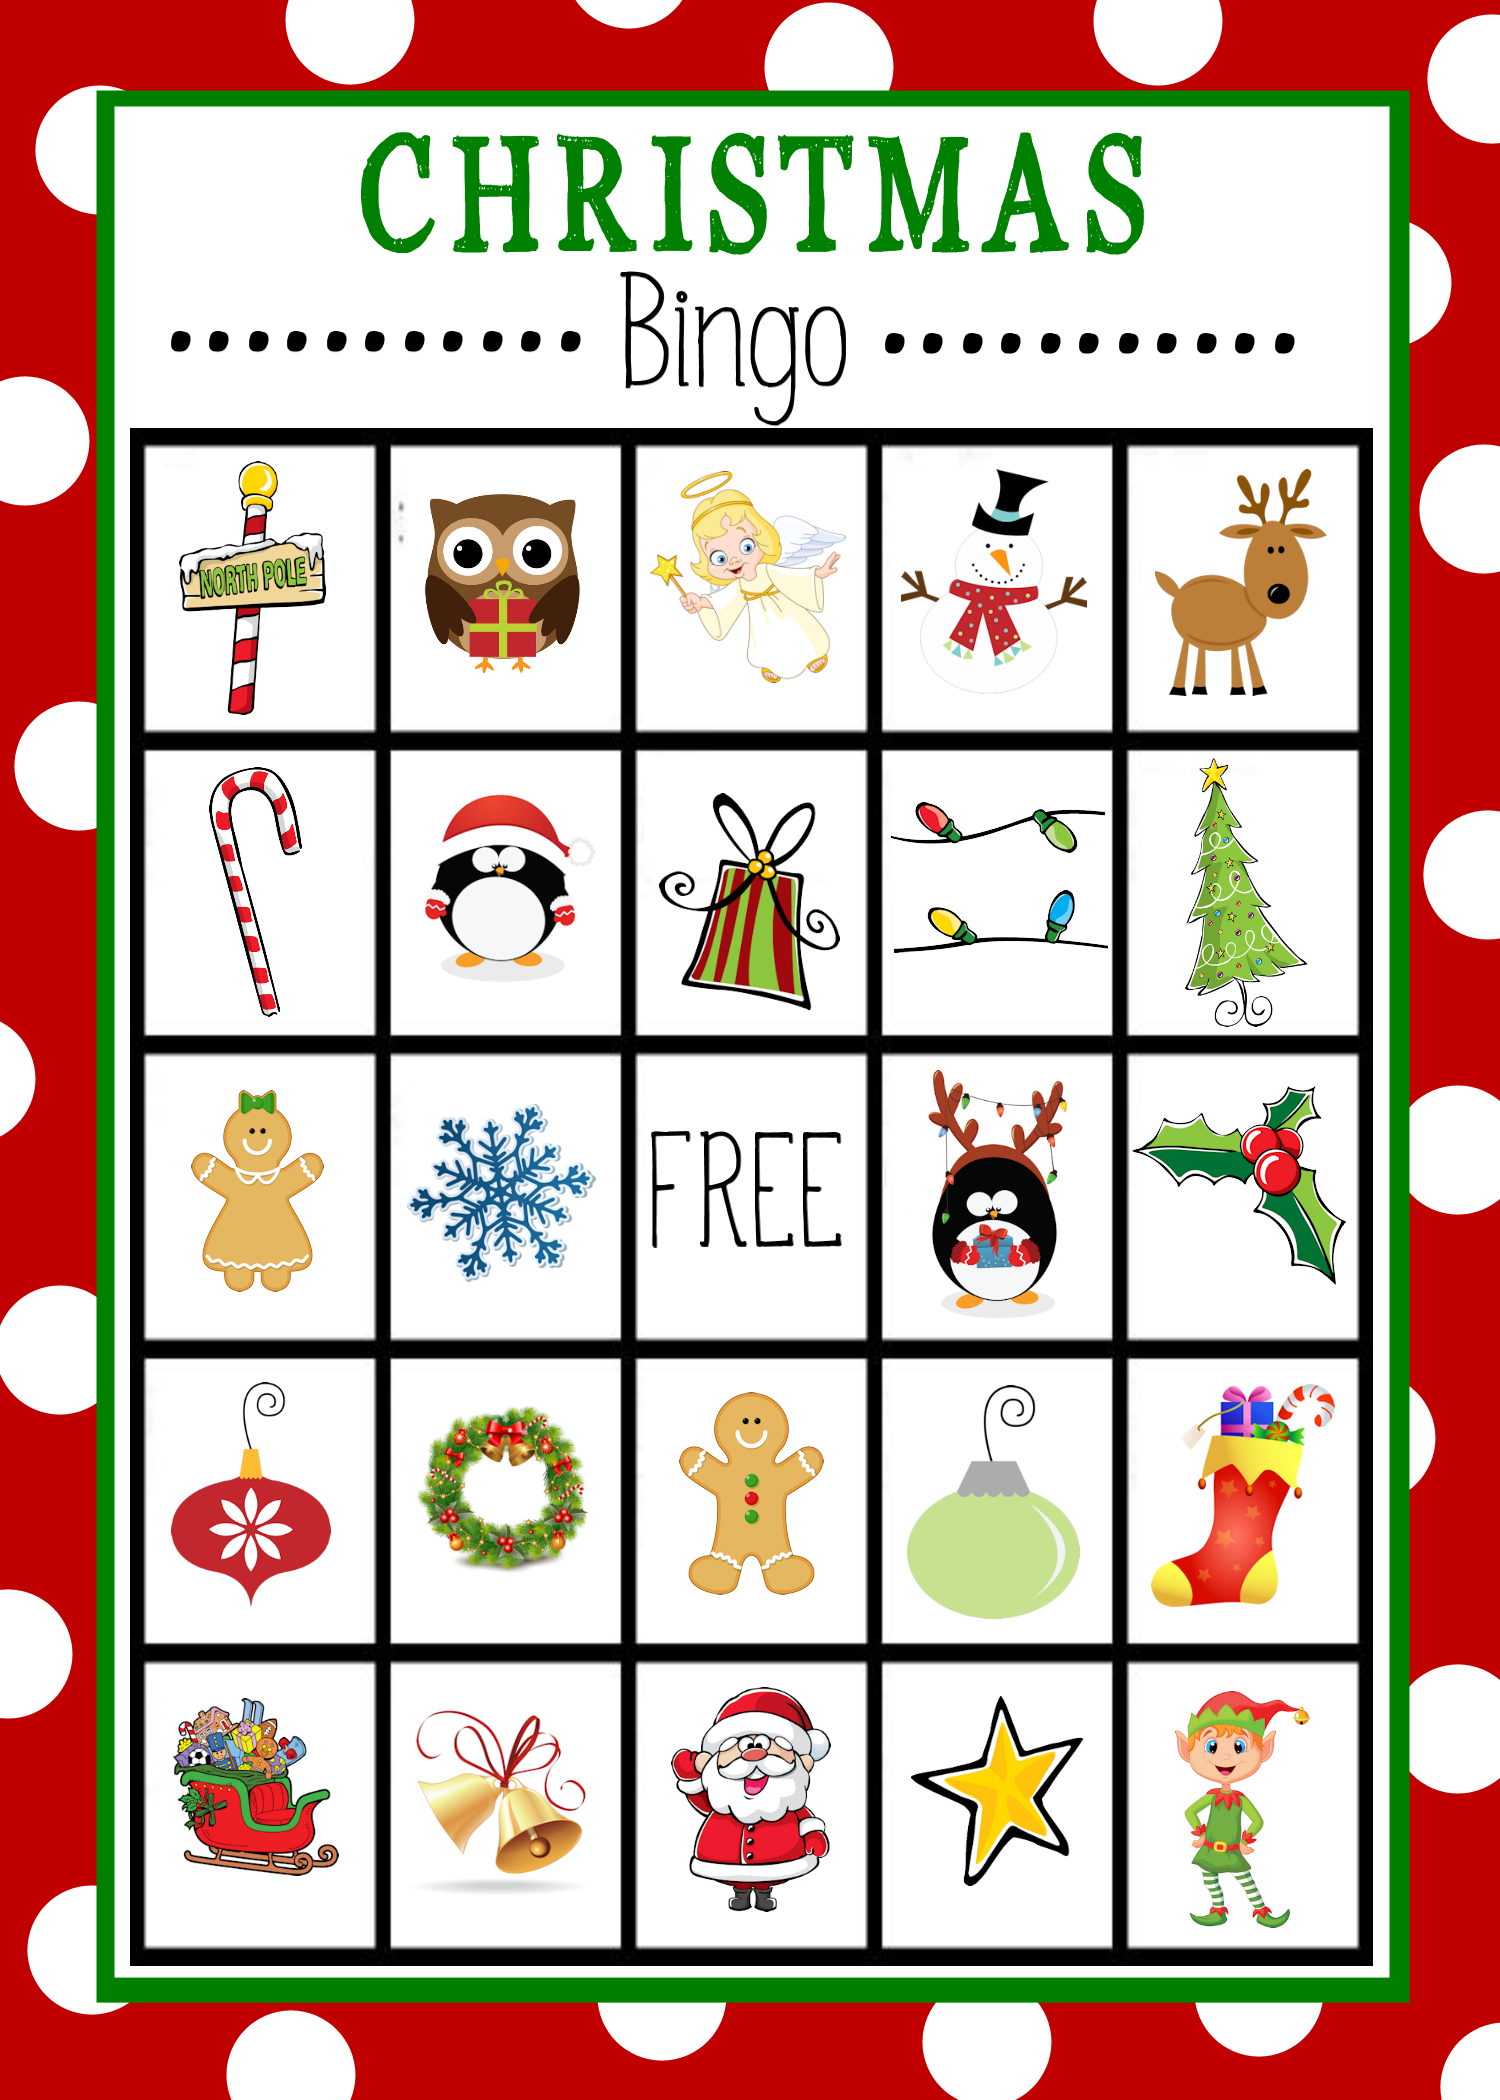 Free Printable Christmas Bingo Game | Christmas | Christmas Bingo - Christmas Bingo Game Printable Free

--

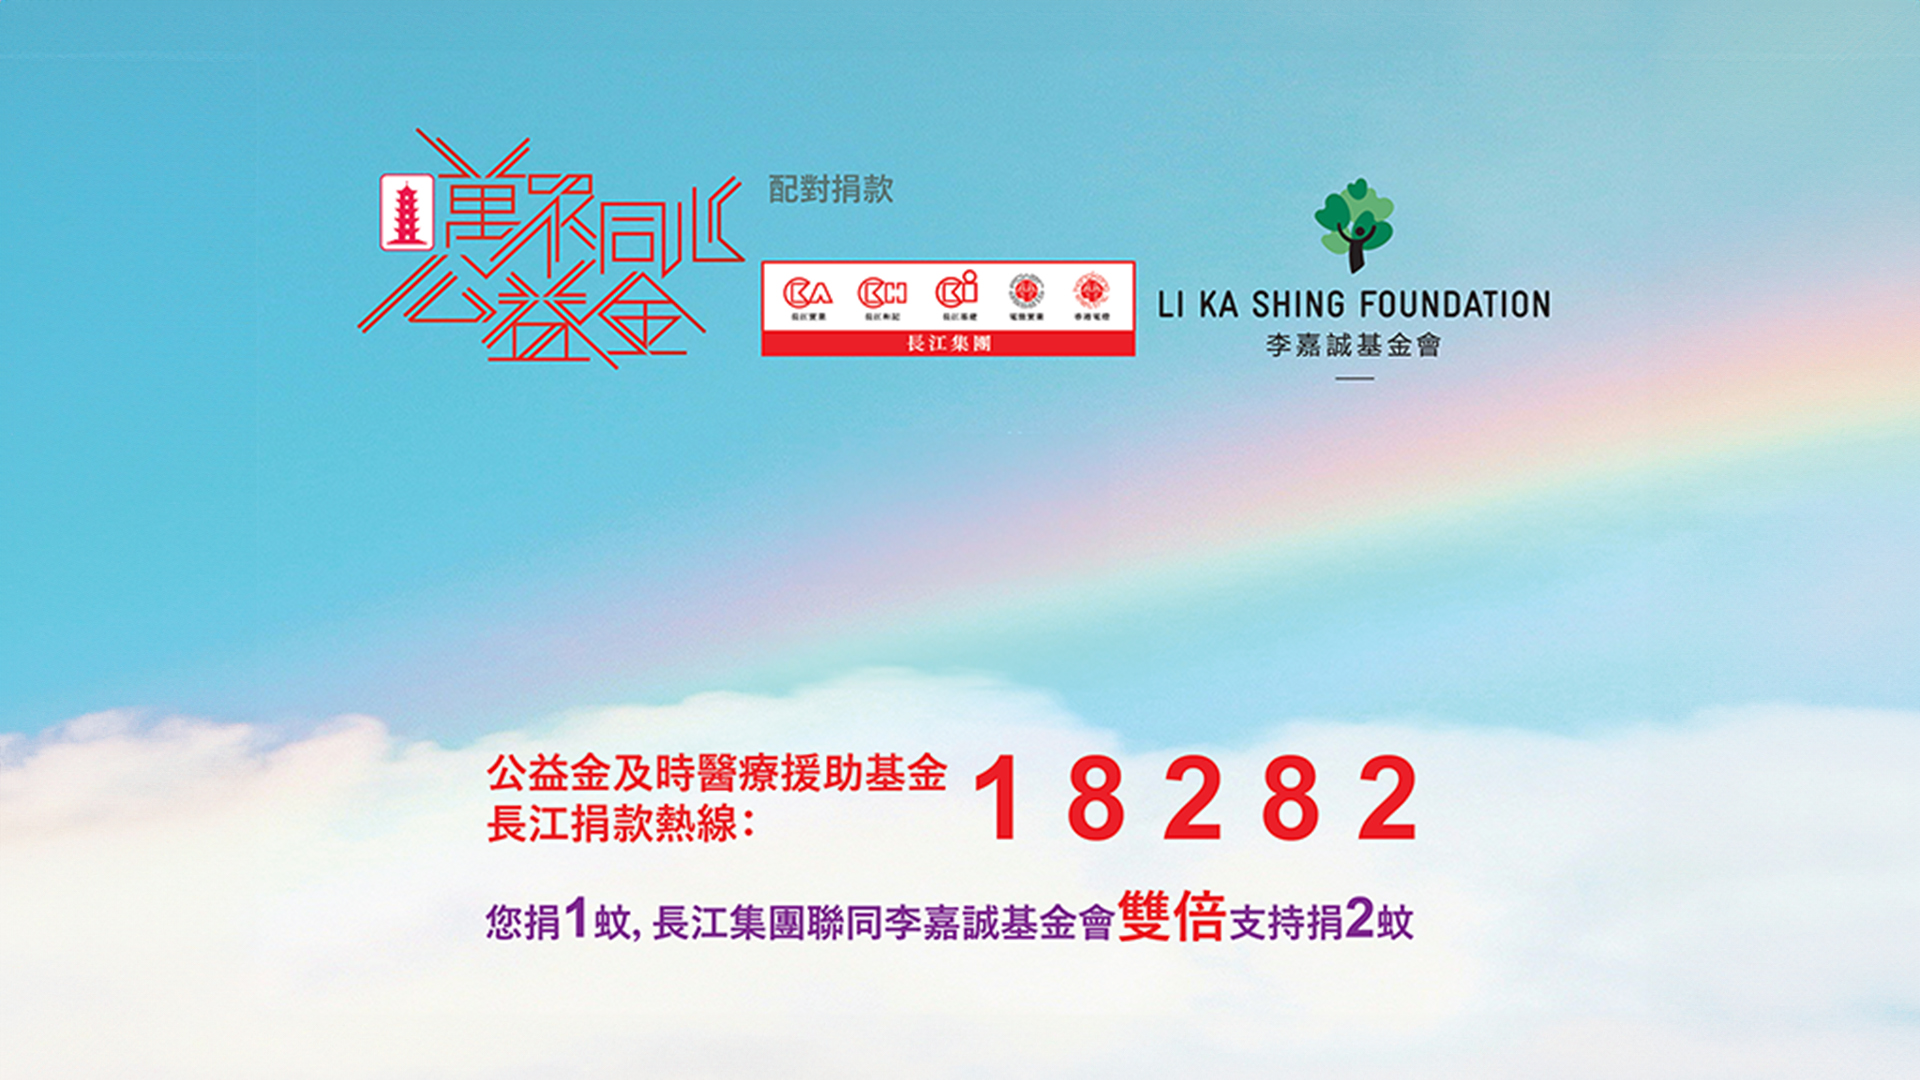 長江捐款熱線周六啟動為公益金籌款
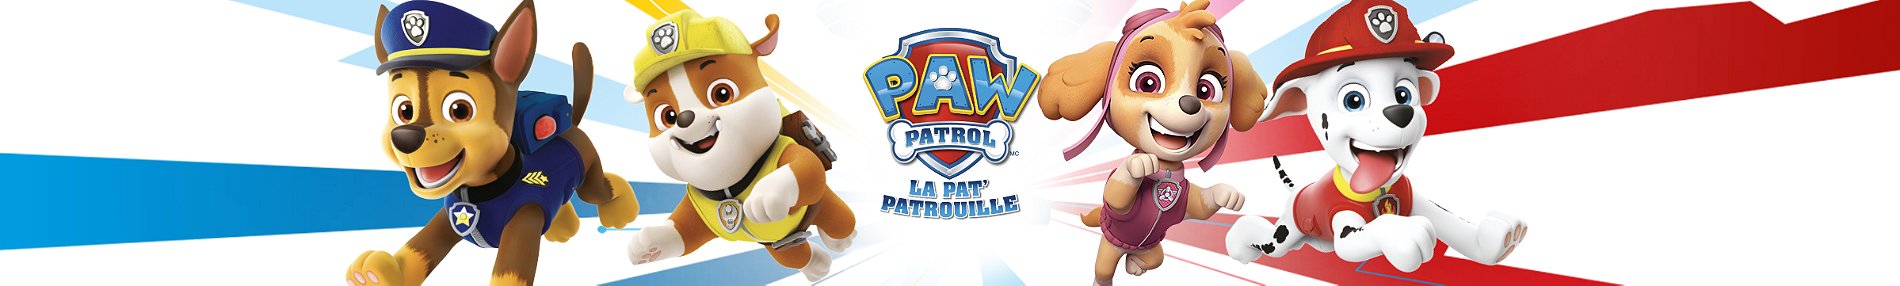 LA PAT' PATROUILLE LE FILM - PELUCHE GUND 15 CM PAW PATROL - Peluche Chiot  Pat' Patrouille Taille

# WORK ITEM:
Above are some records. Output exactly the lines from the one that contains "長江捐款熱線周六啟動為公益金籌款" to the one that contains "LA PAT' PATROUILLE", keeping both, and omit the pictures.

# TASK RESPONSE:
 長江捐款熱線周六啟動為公益金籌款
 LA PAT' PATROUILLE LE FILM - PELUCHE GUND 15 CM PAW PATROL - Peluche Chiot  Pat' Patrouille Taille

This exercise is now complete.